Posted to issues@ignite.apache.org by "Aleksey Plekhanov (Jira)" <ji...@apache.org> on 2019/10/03 13:29:01 UTC
[jira] [Commented] (IGNITE-6930) Optionally to do not write free list updates to WAL

    [ https://issues.apache.org/jira/browse/IGNITE-6930?page=com.atlassian.jira.plugin.system.issuetabpanels:comment-tabpanel&focusedCommentId=16943607#comment-16943607 ] 

Aleksey Plekhanov commented on IGNITE-6930:
-------------------------------------------

The patch is ready. To minimize WAL record I've used next approach:

There is a small on-heap pages list cache allocated for each bucket. There are three types of operations with free-lists: put the page to the tail of the bucket (after insert and remove row), take a page from the tail of the bucket (before insert row), remove the page from the bucket (before remove row), each of these operations first look into the pages cache, then work with page memory.
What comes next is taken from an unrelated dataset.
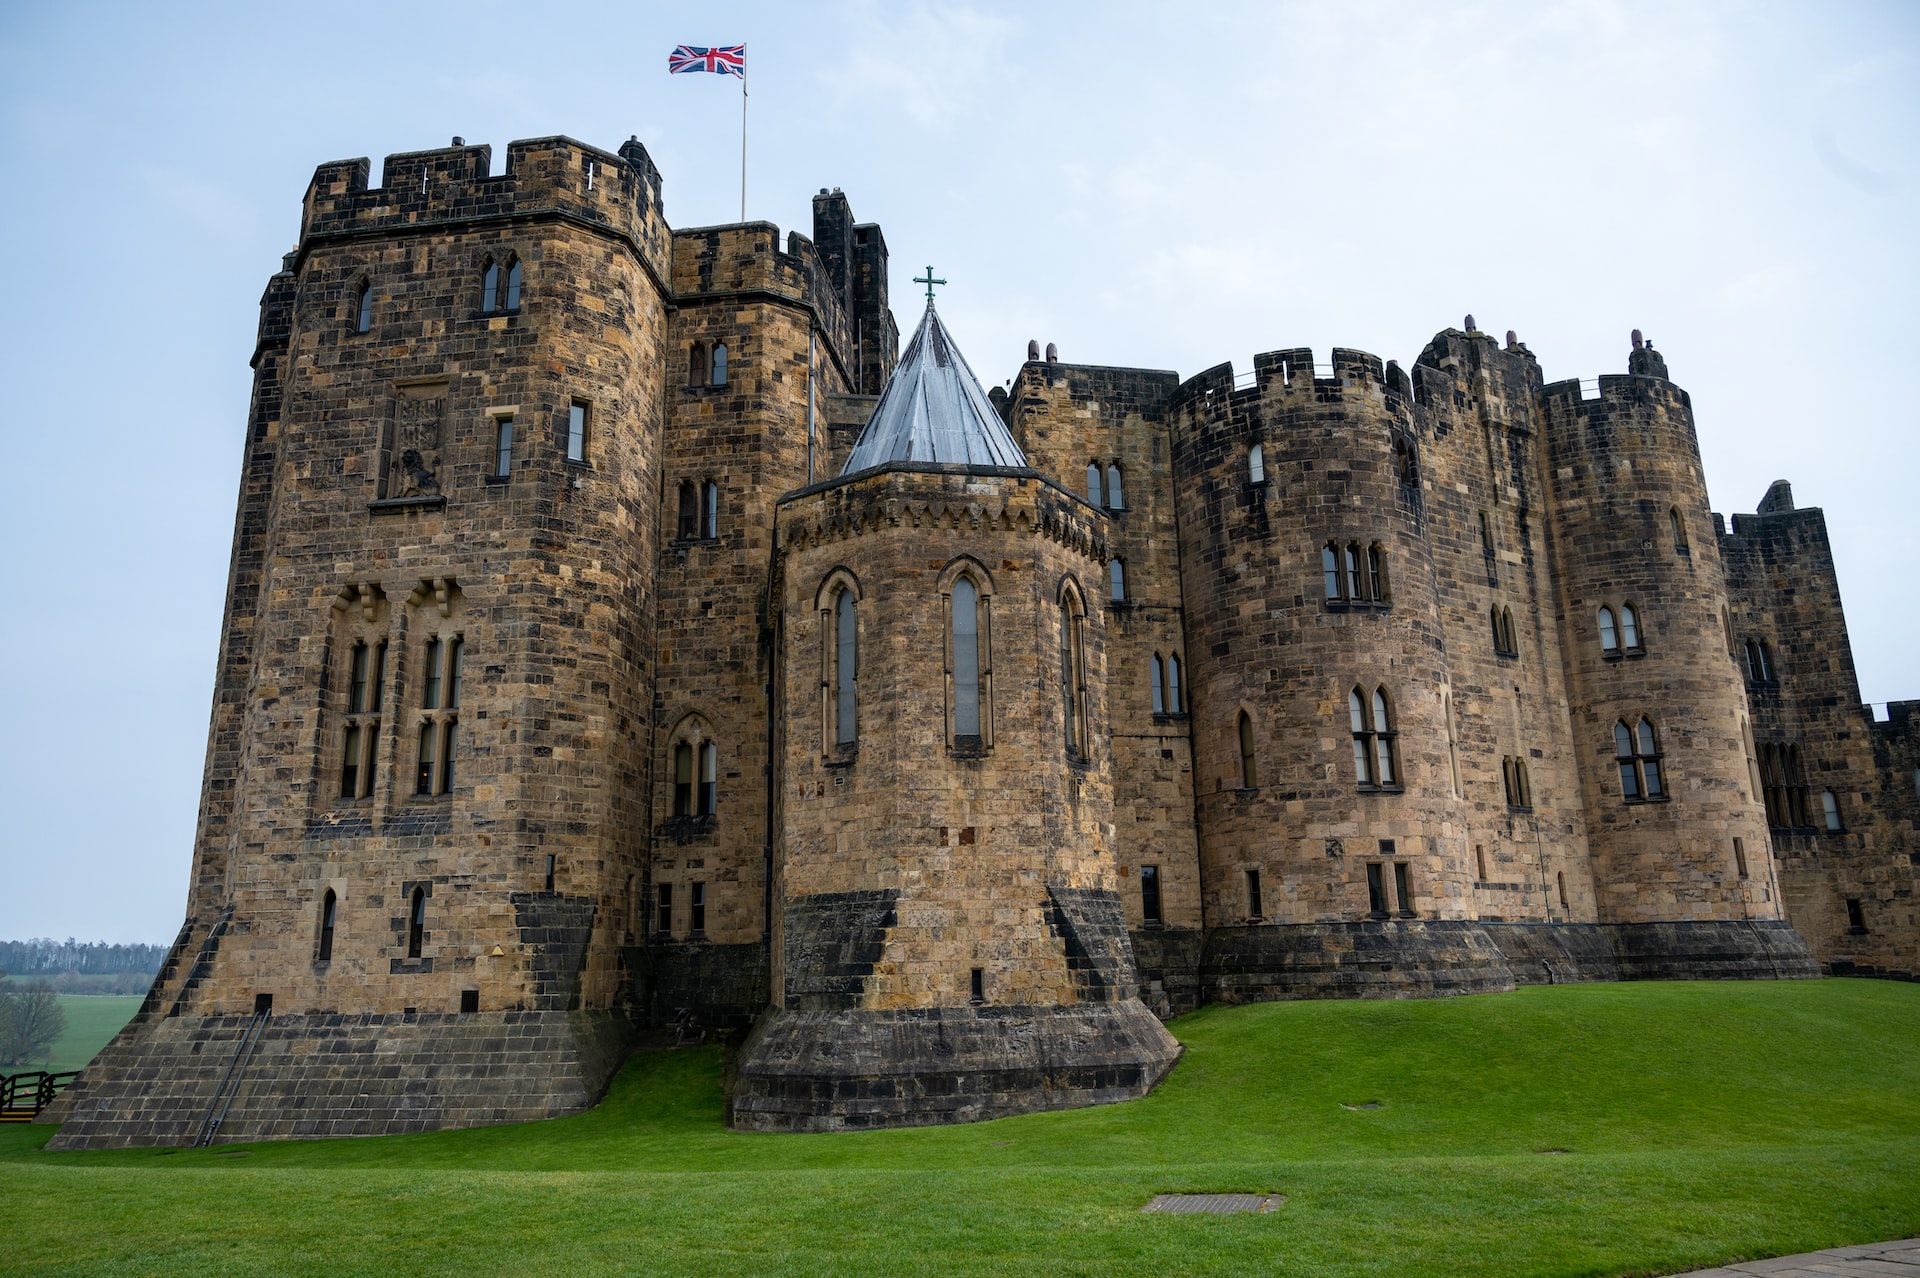 Alnwick Castle with a British Jack flag flying high over the ramparts.
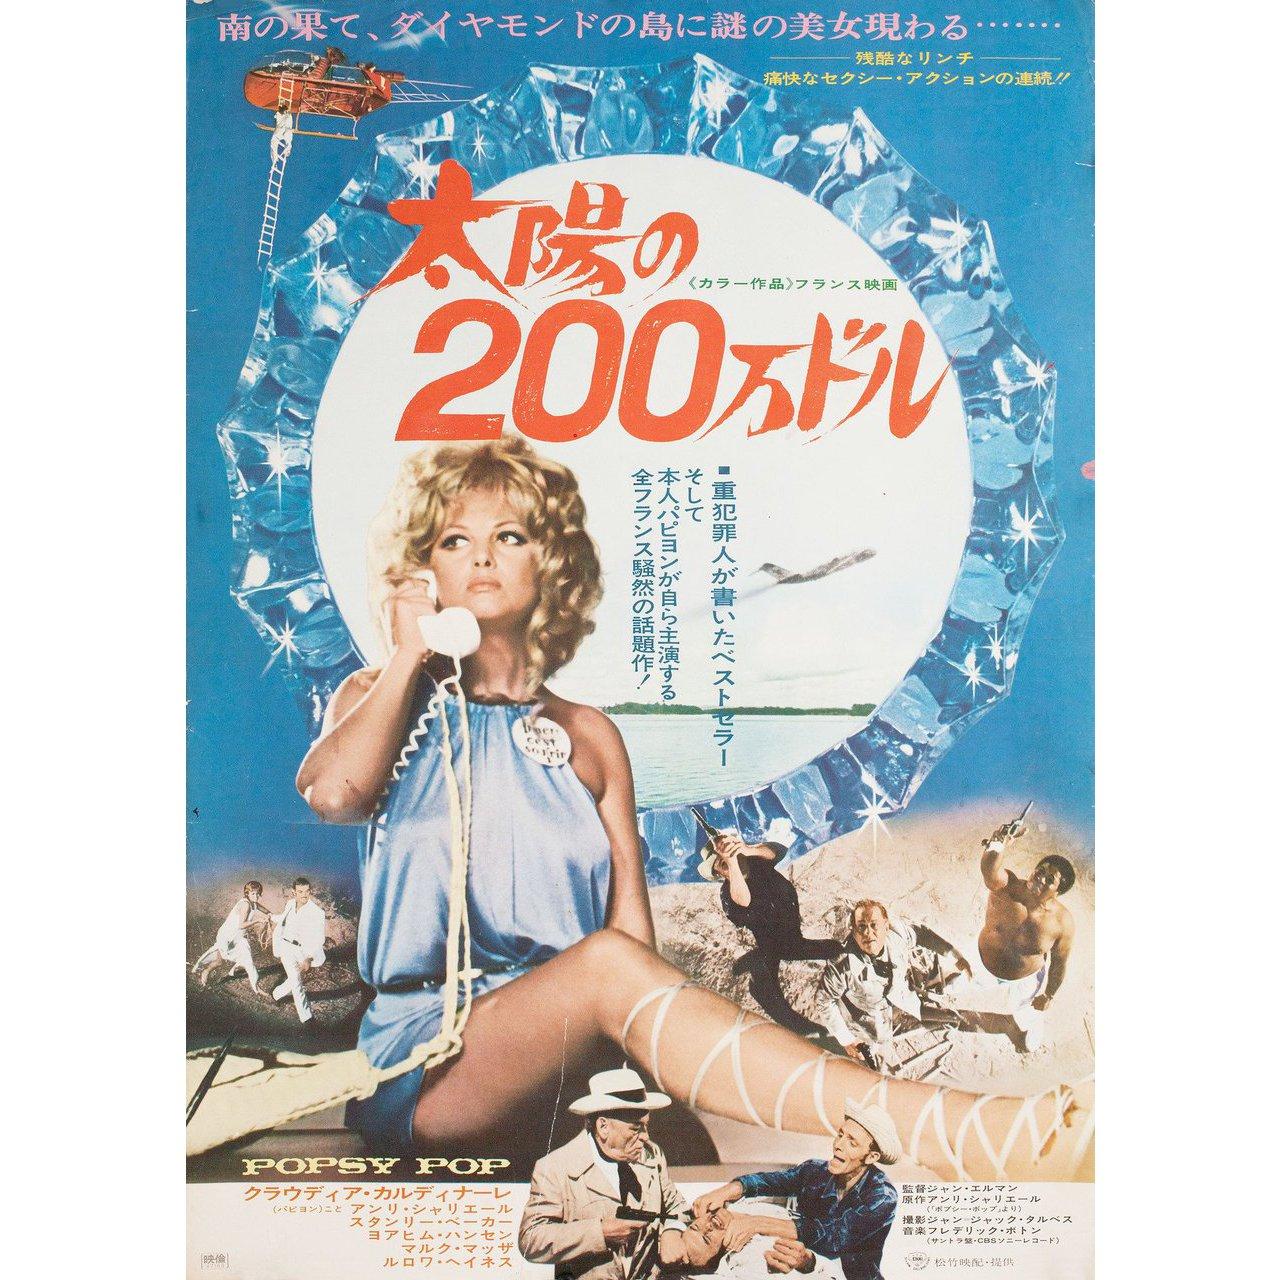 Original 1972 Japanese B2 poster for the film Popsy Pop (The 21 Carat Snatch) directed by Jean Herman with Claudia Cardinale / Stanley Baker / Henri Charriere / Georges Aminel. Very good condition, rolled with edge tears / handling wear / 6 inch

There is no WAL record needed if the page uses only buckets pages cache. So, it's possible then the page was put into free-list, moved through the bucket, leave the free list and hasn't produced any free-list WAL record at all.

On-heap pages cache is flushed to page memory before each checkpoint to ensure the same recovery guarantees as now (physical WAL records are restored from WAL only to the moment of the last unsuccessful checkpoint if it was started, so we need only final buckets state at the moment of checkpoint). 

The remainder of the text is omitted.